Esmaeilivand Masoumeh, Khatony Alireza, Moradi Gholamreza, Najafi Farid, Abdi Alireza
Lecturer, Department of Nursing, School of Nursing and Midwifery, Kermanshah University of Medical Sciences, Kermanshah, Iran.
Associate Professor, Department of Nursing, Nursing and Midwifery School, Kermanshah University of Medical Sciences, Kermanshah, Iran.
J Clin Diagn Res. 2017 Mar;11(3):OC43-OC46. doi: 10.7860/JCDR/2017/23473.9547. Epub 2017 Mar 1.
Arterial blood sampling, used to assess patients in acute conditions, may result in complications such as thrombosis and embolism. However, it can be replaced by venous blood sampling, but there is a dearth of information on this.
To assess the correlation and agreement between the arterial and central venous blood gases analyses in patients undergoing elective Coronary Artery Bypass Graft (CABG) surgery.

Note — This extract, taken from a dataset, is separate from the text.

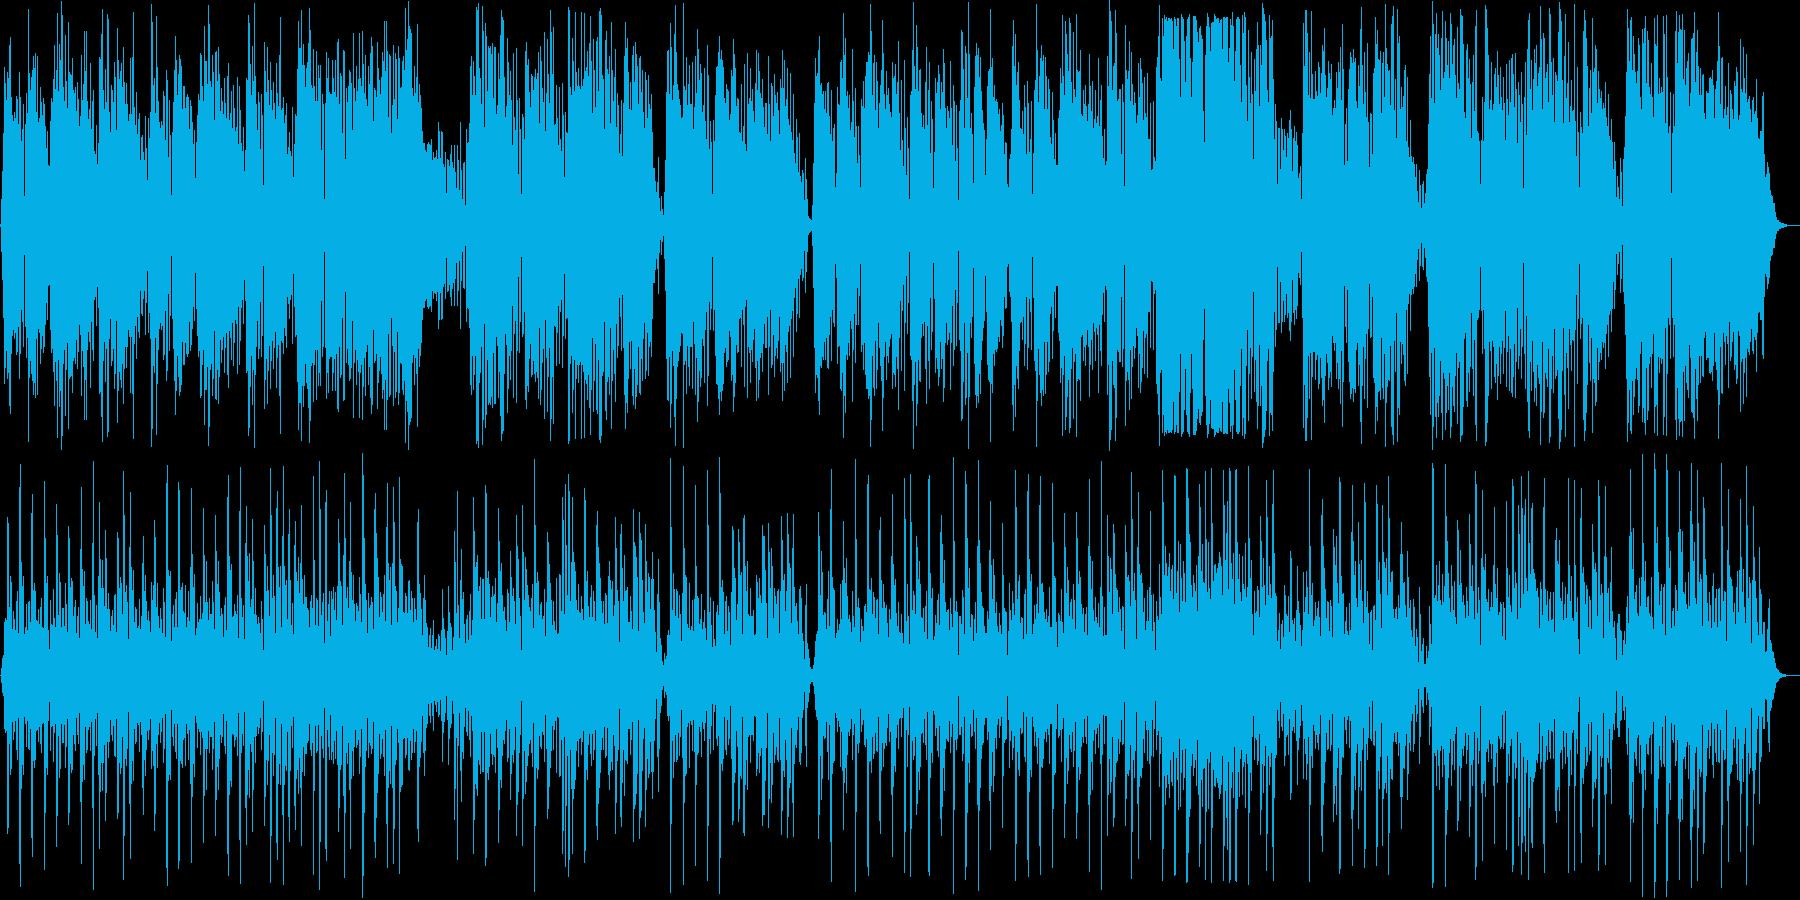 弦楽四重奏曲第17番第2楽章セレナーデの再生済みの波形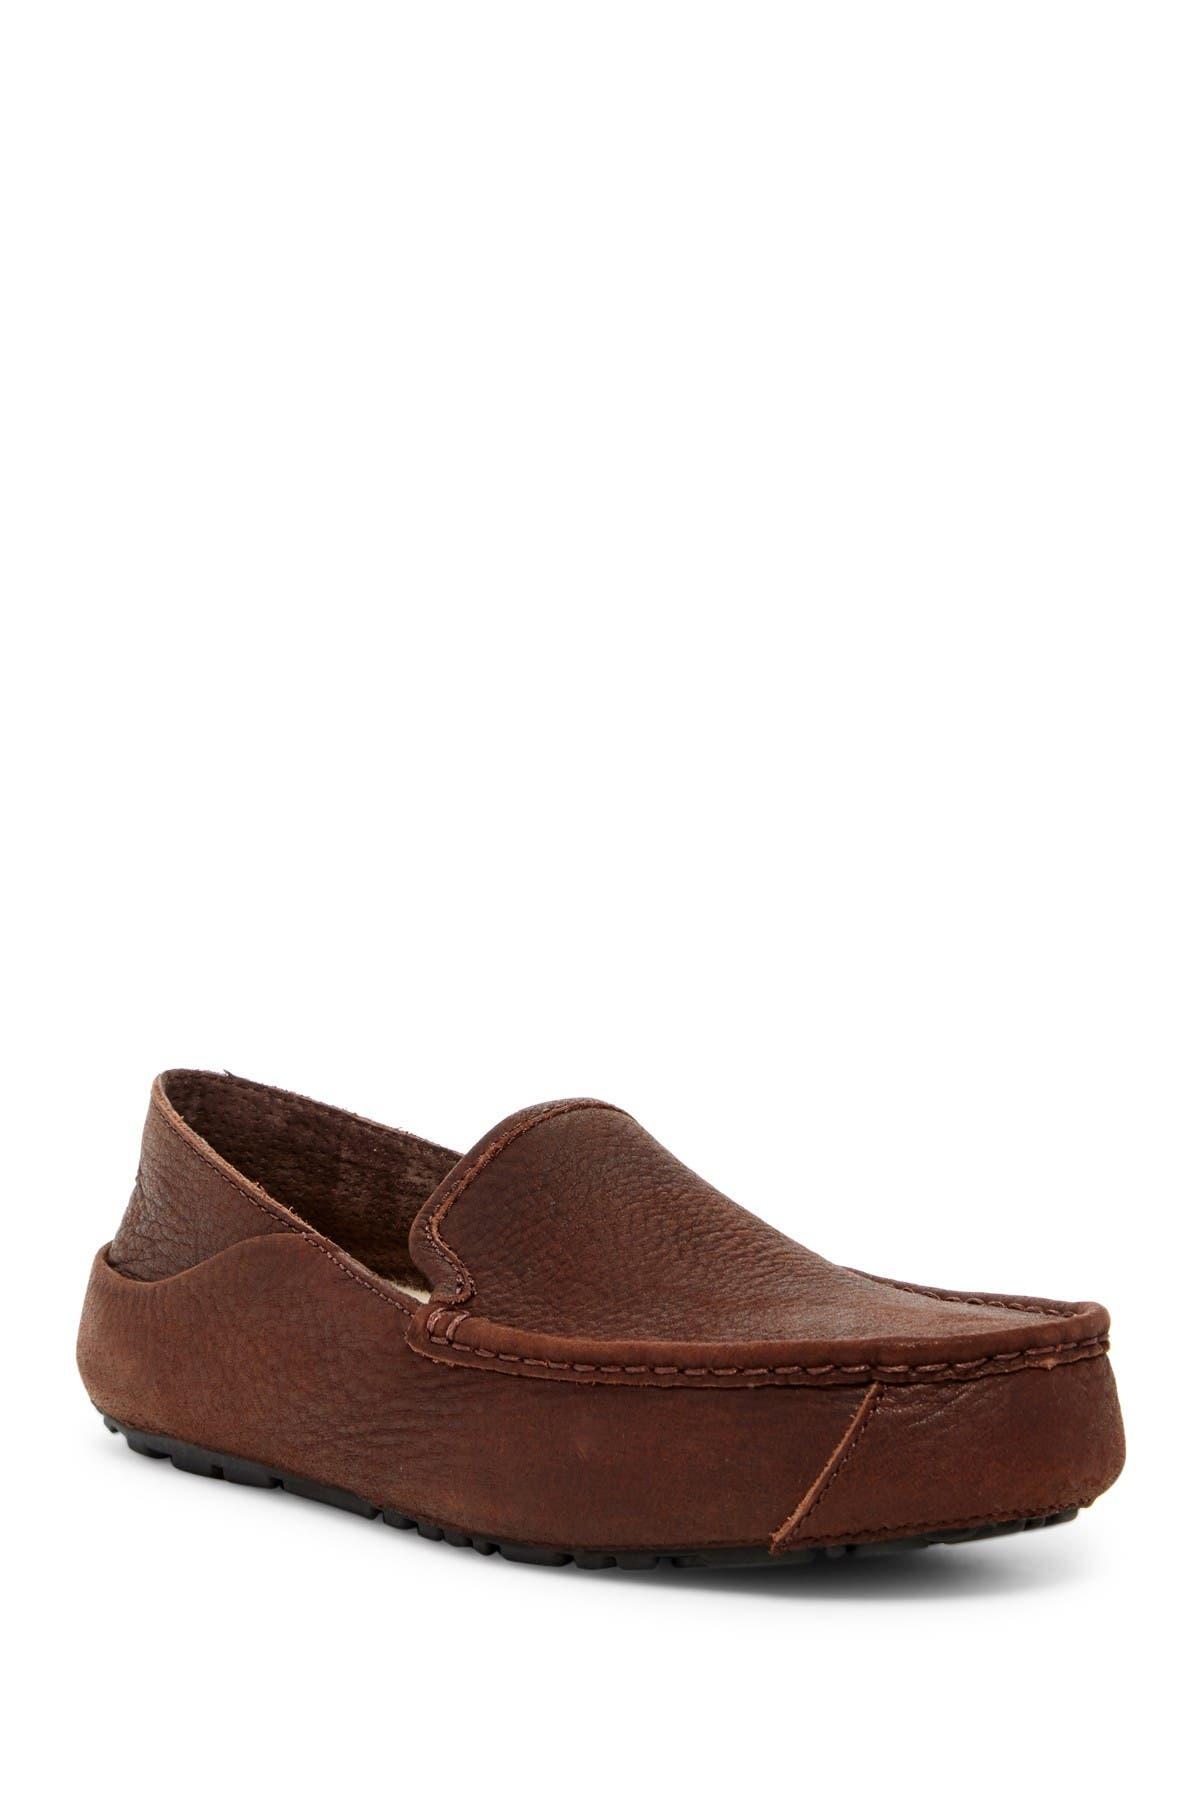 UGG | Hunley Moccasin Shoe | Nordstrom Rack

In this cross-sectional study, 100 ICU patients undergoing elective CABG surgery were recruited. 2 mm arterial and a 2 mm venous blood samples were obtained from each patient's arterial and central venous lines, respectively. To predict Arterial Blood Gas (ABG) values based on central Venous Blood Gas (VBG) values, the linear regression analysis was used and for evaluating their agreement Bland-Altman method was used.
In total of 200 samples were obtained. The mean and Standard Deviation (SD) of age was 58.9±9.1 years and 51% of the participants were female. There was a strong correlation between ABG and central VBG values regarding pH, partial Pressure of Carbon Dioxide (PCO), Bicarbonate (HCO) and Base Excess (BE) (r= 0.73, r=0.74, r=0.67 and r=0.71, respectively; p<0.001); however, the correlation between the arterial and venous Partial Pressure of Oxygen (PO) and Oxygen Saturation (SO) was moderate (r=0.29, p=0.005 and r=0.27, p=0.006, respectively). The Bland-Altman analysis showed an excellent agreement between all the variables (p<0.001).
Central VBG analysis cannot replace ABG analysis in measuring exact PO status, necessitating arterial sampling in some matters, but with respect to the accuracy of pulse oximetry measurements in determining the exact PO status, for the rest of the indices a central VBG rather than an ABG can be utilised for determining patient's acid-base status. Particularly in patients who are hospitalised for a long time and have a central venous catheter in place like patients who have undergone CABG, thus reducing the risk and need for invasive arterial sampling.
用于评估急症患者的动脉血采样可能会导致血栓形成和栓塞等并发症。然而,它可以被静脉血采样所取代,但关于这方面的信息却很匮乏。
评估接受择期冠状动脉旁路移植术(CABG)的患者动脉血气分析与中心静脉血气分析之间的相关性和一致性。
在这项横断面研究中,招募了100例接受择期CABG手术的重症监护病房(ICU)患者。分别从每位患者的动脉和中心静脉置管获取2mm的动脉血样和2mm的静脉血样。为了基于中心静脉血气(VBG)值预测动脉血气(ABG)值,采用线性回归分析,并使用Bland-Altman方法评估它们的一致性。
总共获取了200份样本。年龄的平均值和标准差分别为58.9±9.1岁,51%的参与者为女性。在pH值、二氧化碳分压(PCO)、碳酸氢盐(HCO)和碱剩余(BE)方面,ABG值与中心VBG值之间存在很强的相关性(r分别为0.73、0.74、0.67和0.71;p<0.001);然而,动脉血氧分压(PO)和血氧饱和度(SO)与静脉血氧分压和血氧饱和度之间的相关性为中等(r分别为0.29,p=0.005和r=0.27,p=0.006)。Bland-Altman分析显示所有变量之间具有极好的一致性(p<0.001)。
在测量准确的PO状态时,中心VBG分析不能替代ABG分析,在某些情况下需要进行动脉采样,但考虑到脉搏血氧饱和度测量在确定准确PO状态方面的准确性,对于其余指标,可以使用中心VBG而非ABG来确定患者的酸碱状态。特别是对于长期住院且留置中心静脉导管的患者,如接受CABG手术的患者,这样可以降低侵入性动脉采样的风险和需求。